Multi-level Wavelet-CNN for Image Restoration (1805.07071v2)

Published 18 May 2018 in cs.CV

Abstract: The tradeoff between receptive field size and efficiency is a crucial issue in low level vision. Plain convolutional networks (CNNs) generally enlarge the receptive field at the expense of computational cost. Recently, dilated filtering has been adopted to address this issue. But it suffers from gridding effect, and the resulting receptive field is only a sparse sampling of input image with checkerboard patterns. In this paper, we present a novel multi-level wavelet CNN (MWCNN) model for better tradeoff between receptive field size and computational efficiency. With the modified U-Net architecture, wavelet transform is introduced to reduce the size of feature maps in the contracting subnetwork. Furthermore, another convolutional layer is further used to decrease the channels of feature maps. In the expanding subnetwork, inverse wavelet transform is then deployed to reconstruct the high resolution feature maps. Our MWCNN can also be explained as the generalization of dilated filtering and subsampling, and can be applied to many image restoration tasks. The experimental results clearly show the effectiveness of MWCNN for image denoising, single image super-resolution, and JPEG image artifacts removal.

Citations (611)

View on Semantic Scholar

Summary

The paper introduces a novel MWCNN architecture that combines discrete wavelet transforms with CNNs to boost image restoration tasks.
It efficiently expands the receptive field while reducing computational load, outperforming state-of-the-art methods in PSNR and SSIM.
Experiments on benchmark datasets reveal gains of up to 1.2dB PSNR, highlighting the practical benefits of integrating classical signal processing with deep learning.

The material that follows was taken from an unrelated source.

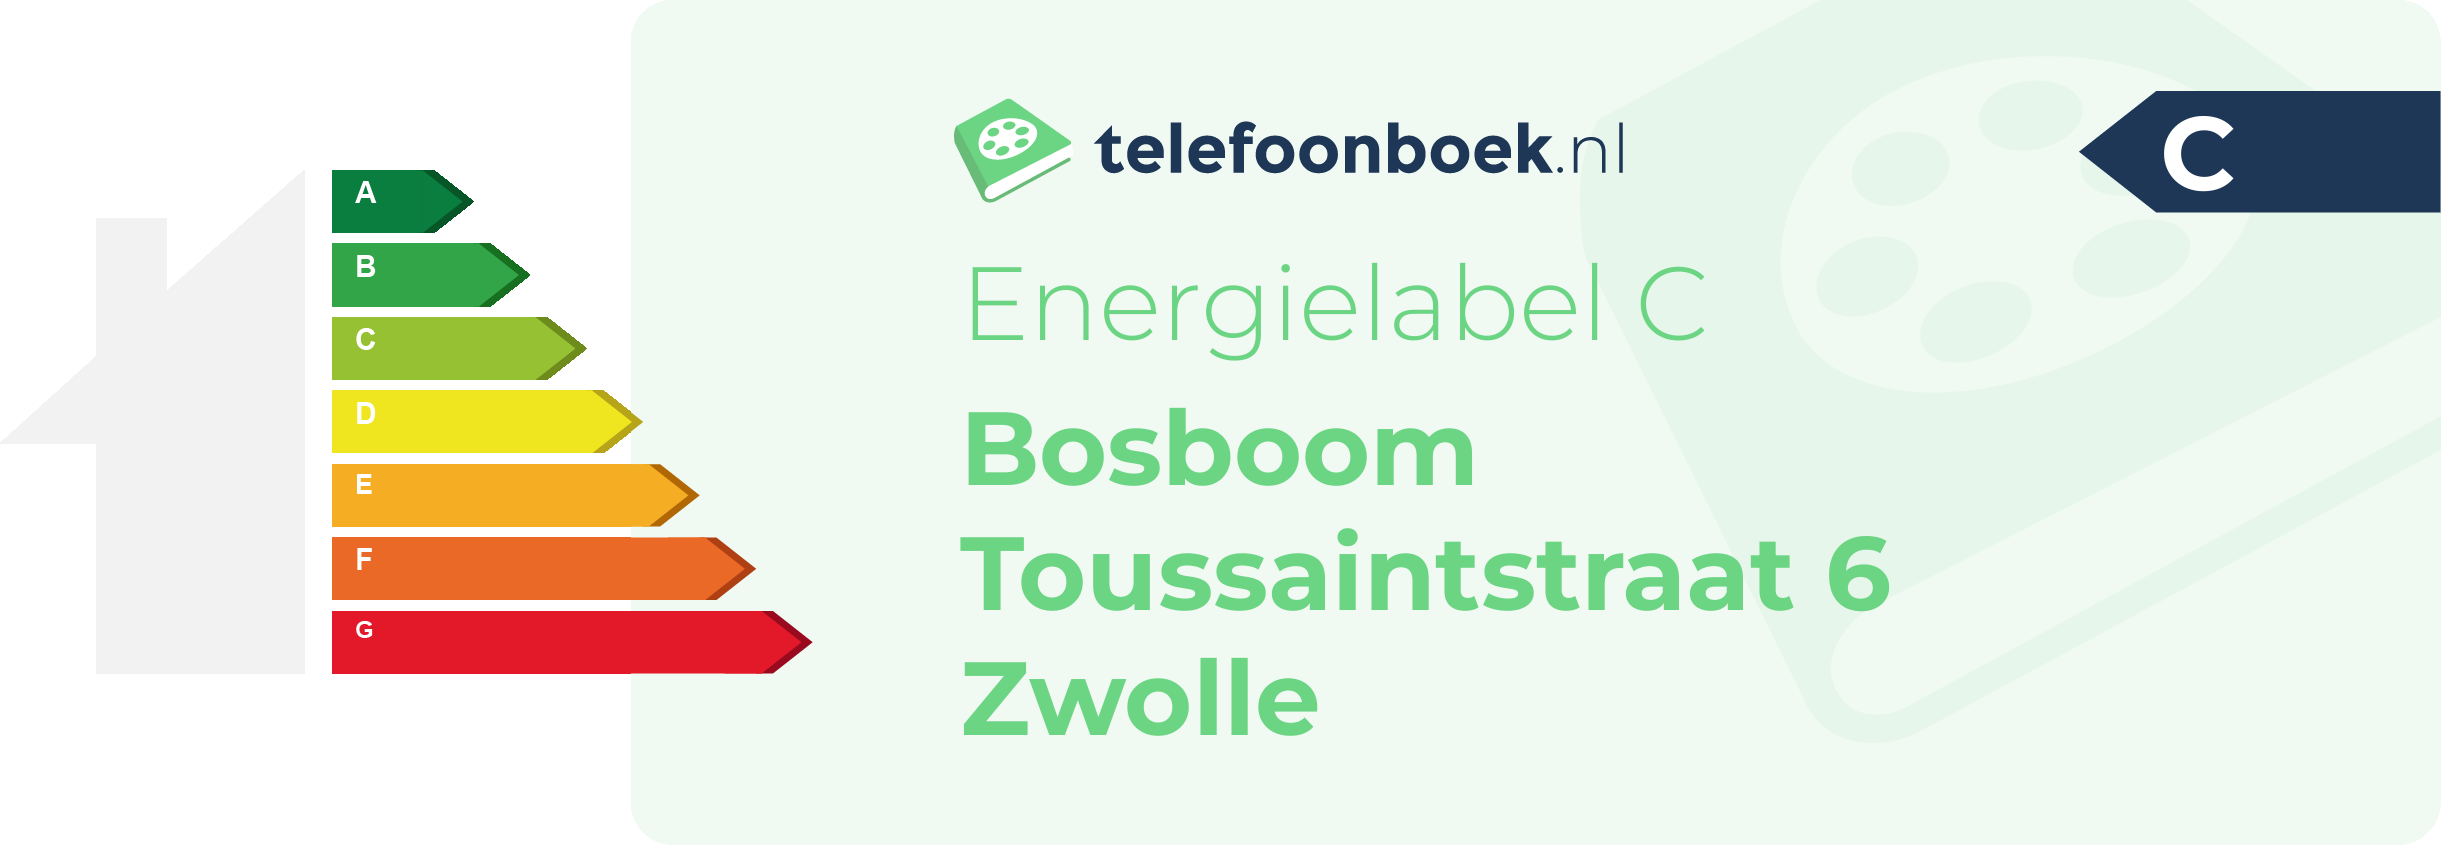 Energielabel Bosboom Toussaintstraat 6 Zwolle

Multi-level Wavelet-CNN for Image Restoration

The paper presents a multi-level wavelet convolutional neural network (MWCNN) model as an enhanced architecture for image restoration tasks, such as image denoising, single image super-resolution (SISR), and JPEG artifact removal. The authors aim to address the tradeoff between receptive field size and computational efficiency, a common challenge in the development of convolutional neural networks (CNNs) for low-level vision tasks.

Core Contributions

The paper introduces a novel integration of wavelet transforms with CNNs, optimizing the U-Net architecture to achieve superior performance in image restoration by leveraging the discrete wavelet transform (DWT) and inverse wavelet transform (IWT). The MWCNN architecture is designed with a contracting subnetwork, where the DWT is used to downsample feature maps effectively, while an expanding subnetwork employs IWT to reconstruct high-resolution feature maps. This architecture enables the model to maintain a large receptive field, crucial for improved restoration performance, without incurring the computational costs typical of traditional methods that rely on deeper networks or dilated filters.

Key Numerical Results

The experimental results demonstrate that MWCNN significantly surpasses previous approaches in terms of peak signal-to-noise ratio (PSNR) and structural similarity index measure (SSIM) across multiple datasets: Set12, BSD68, and Urban100 for image denoising; Set5, Set14, BSD100, and Urban100 for SISR; and Classic5 and LIVE1 for JPEG artifact removal. Notably, the MWCNN model presents an appreciable improvement in PSNR of up to 0.5dB to 1.2dB compared to state-of-the-art models such as DnCNN and MemNet, especially at higher noise levels and larger scaling factors, demonstrating its efficacy in preserving detail and reducing computational burden.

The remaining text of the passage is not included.